| Directions for this task |
From the first line to the last, retype everything below exactly, minus the pictures.

| Data shown |
———

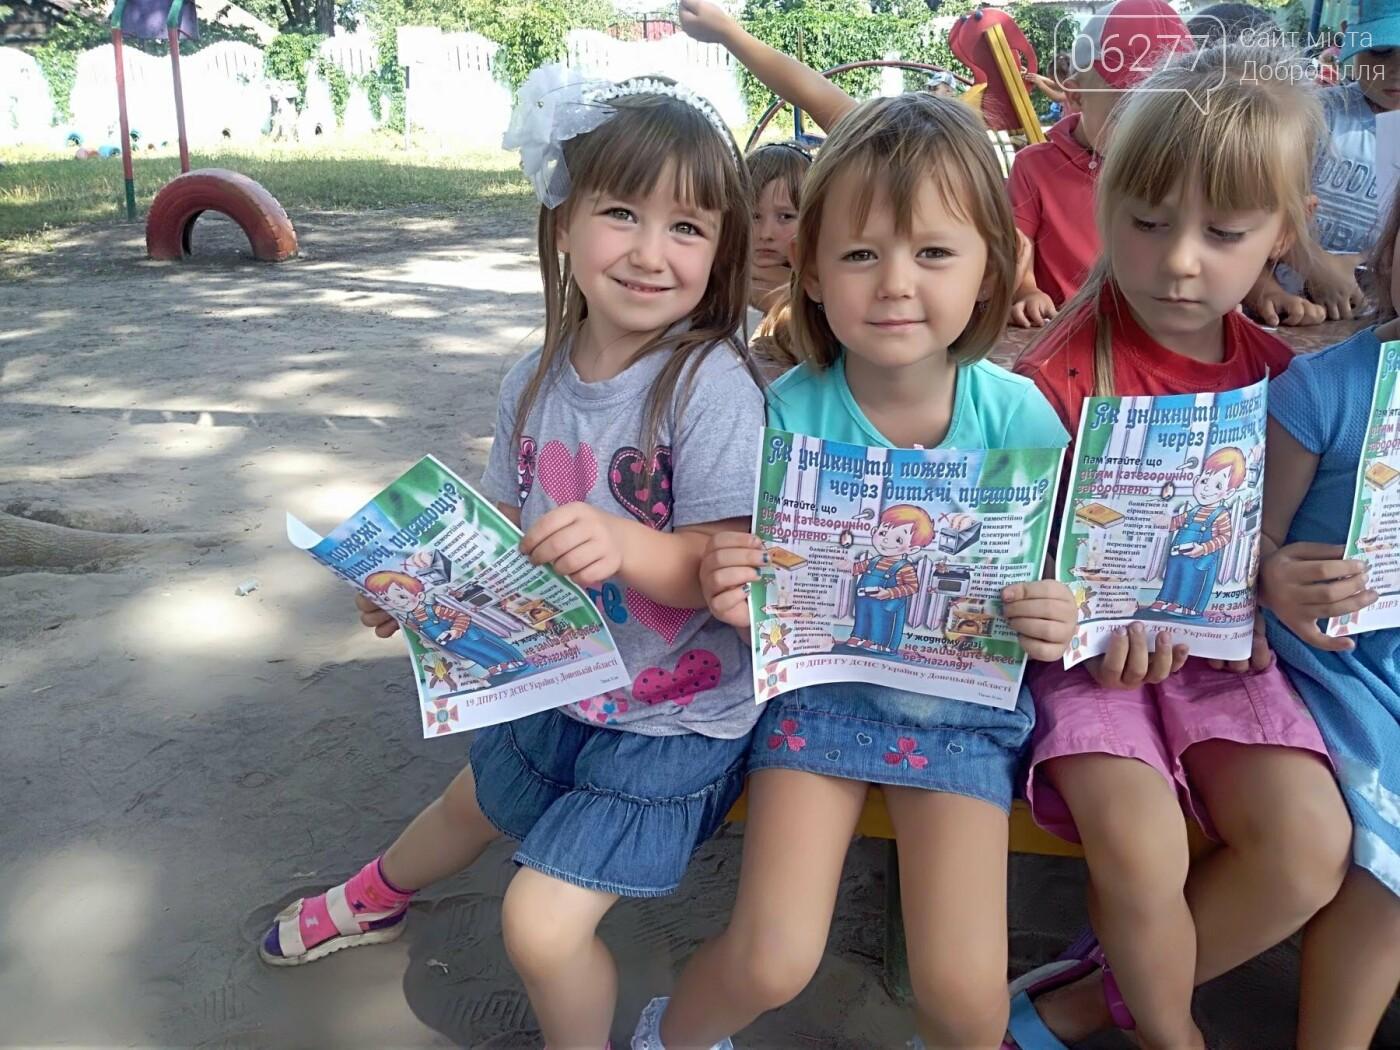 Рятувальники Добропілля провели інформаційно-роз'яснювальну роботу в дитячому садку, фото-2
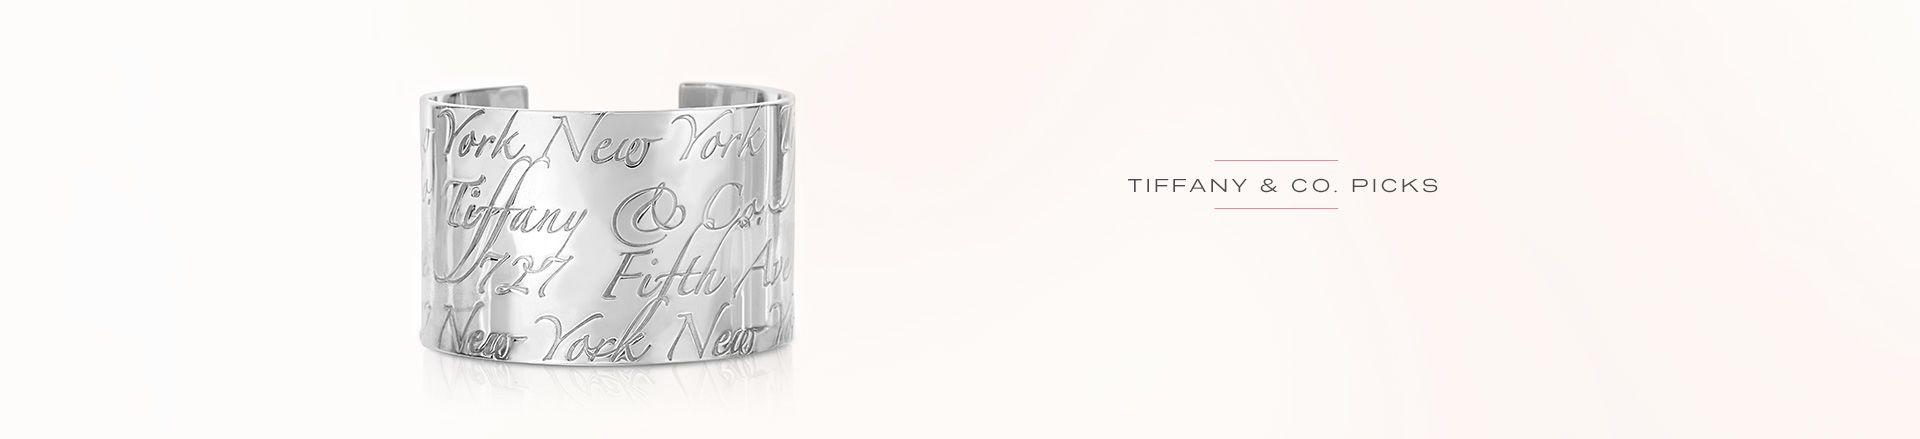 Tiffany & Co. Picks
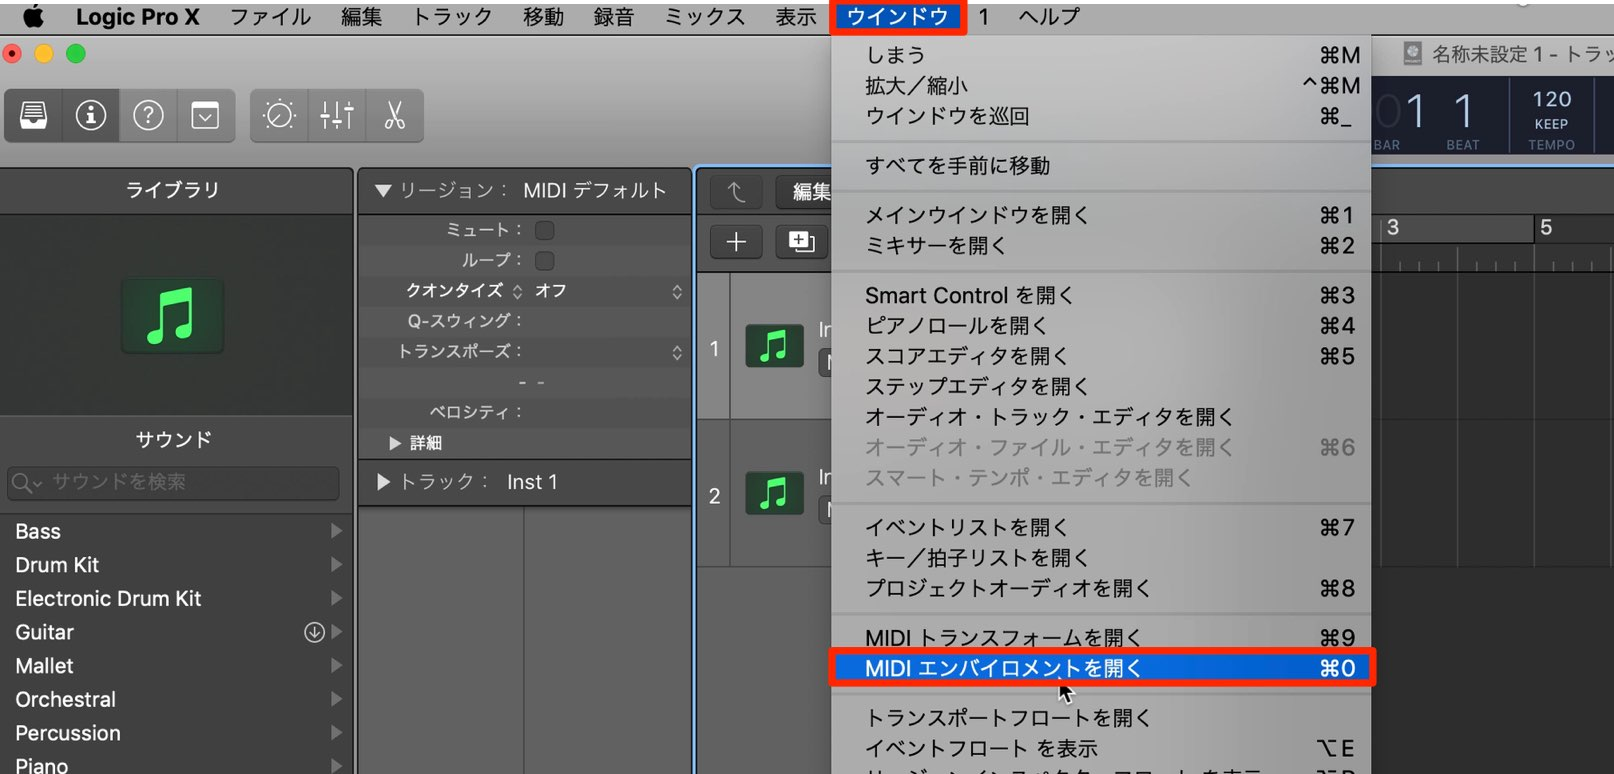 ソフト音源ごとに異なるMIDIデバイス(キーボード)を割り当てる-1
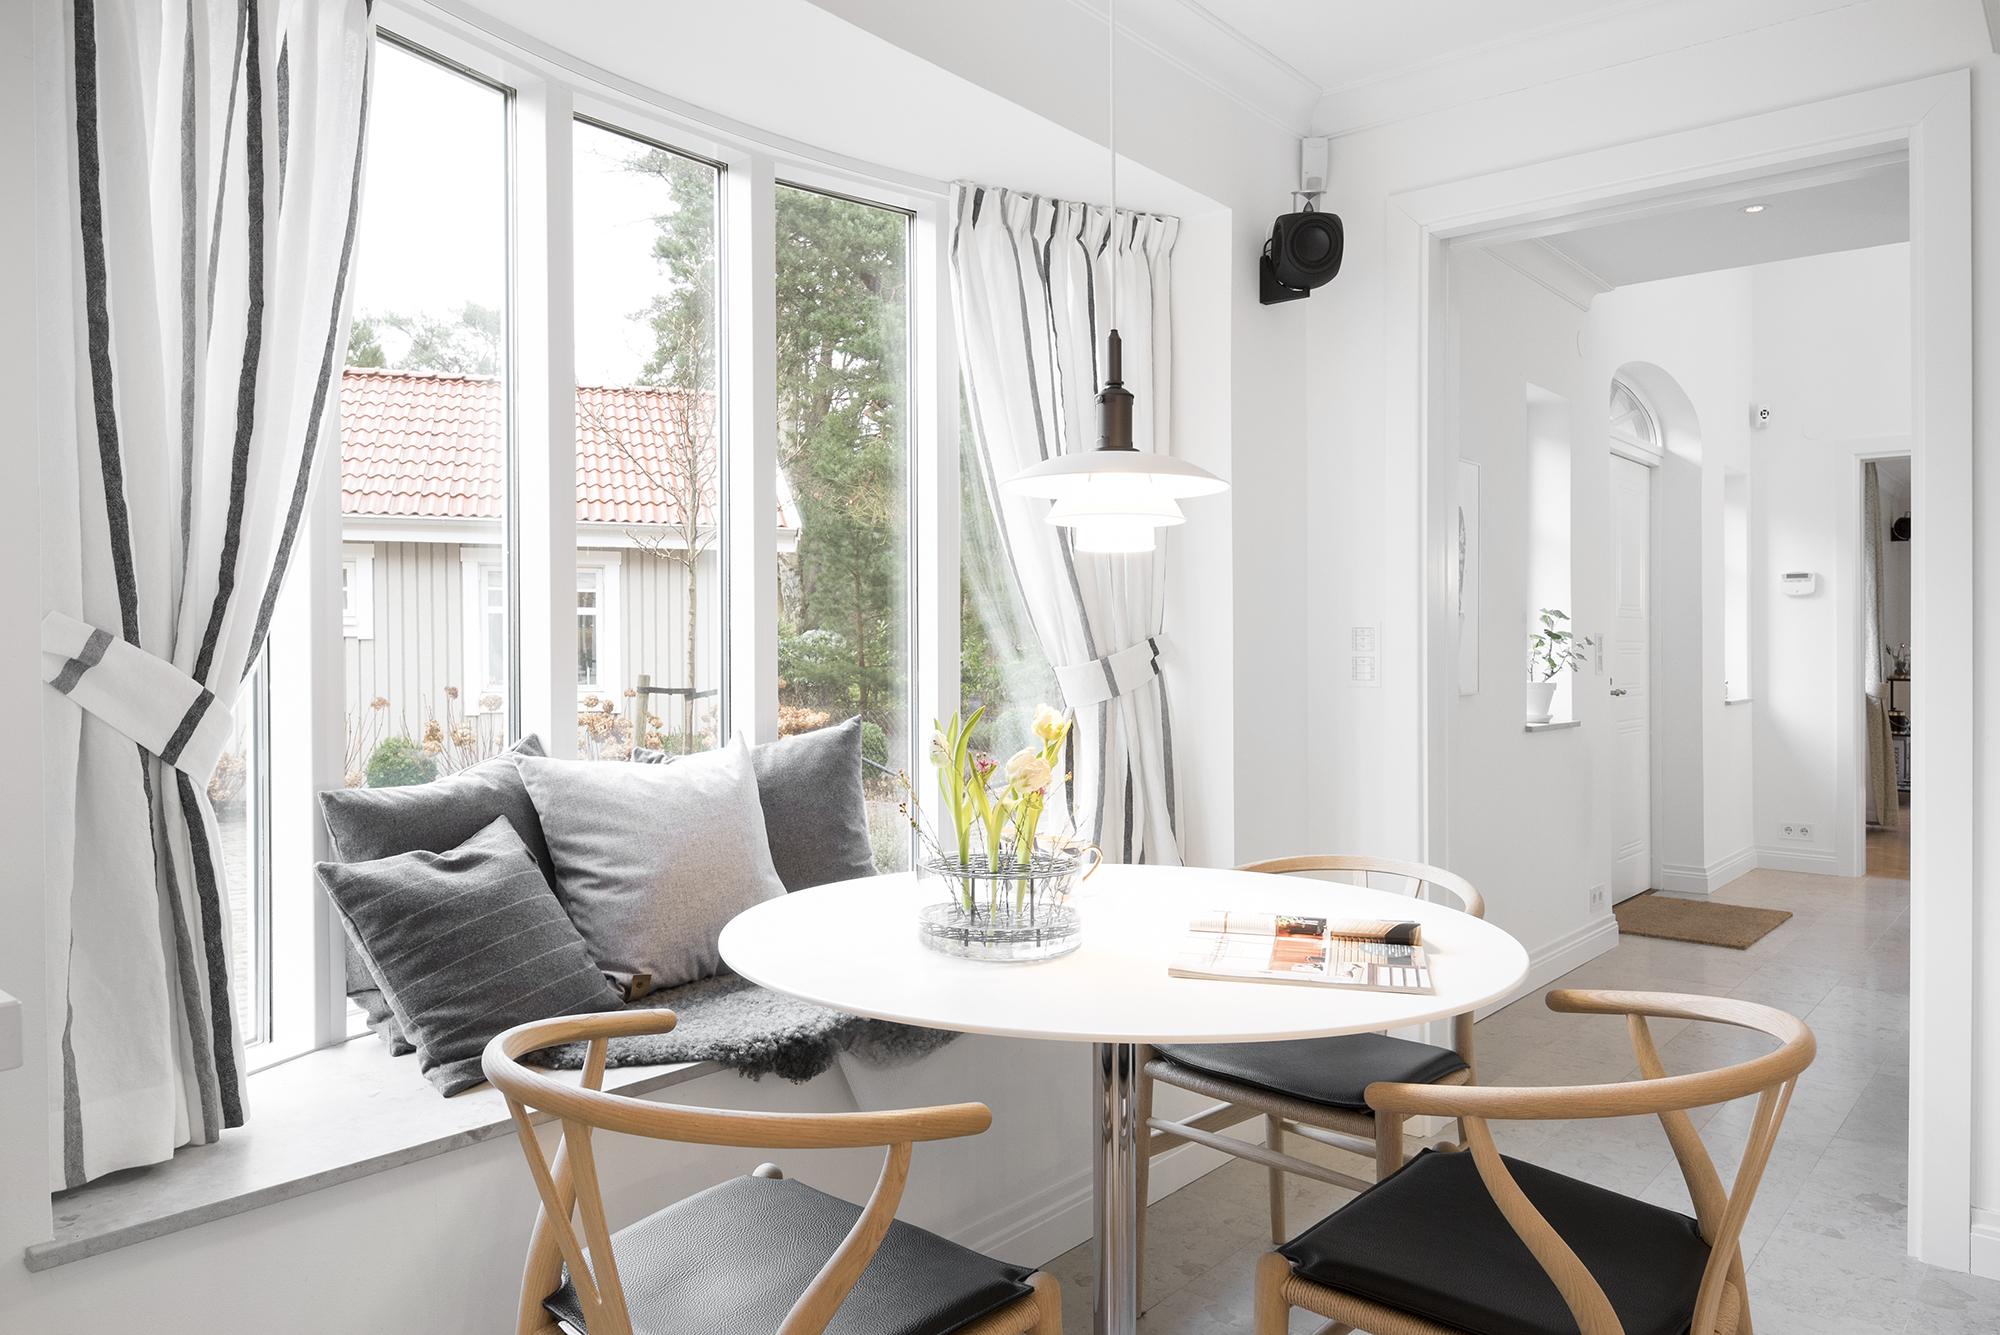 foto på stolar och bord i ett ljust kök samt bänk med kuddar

———

| Output |
 Рятувальники Добропілля провели інформаційно-роз'яснювальну роботу в дитячому садку, фото-2
 Tiffany & Co. Picks
 ソフト音源ごとに異なるMIDIデバイス(キーボード)を割り当てる-1
 foto på stolar och bord i ett ljust kök samt bänk med kuddar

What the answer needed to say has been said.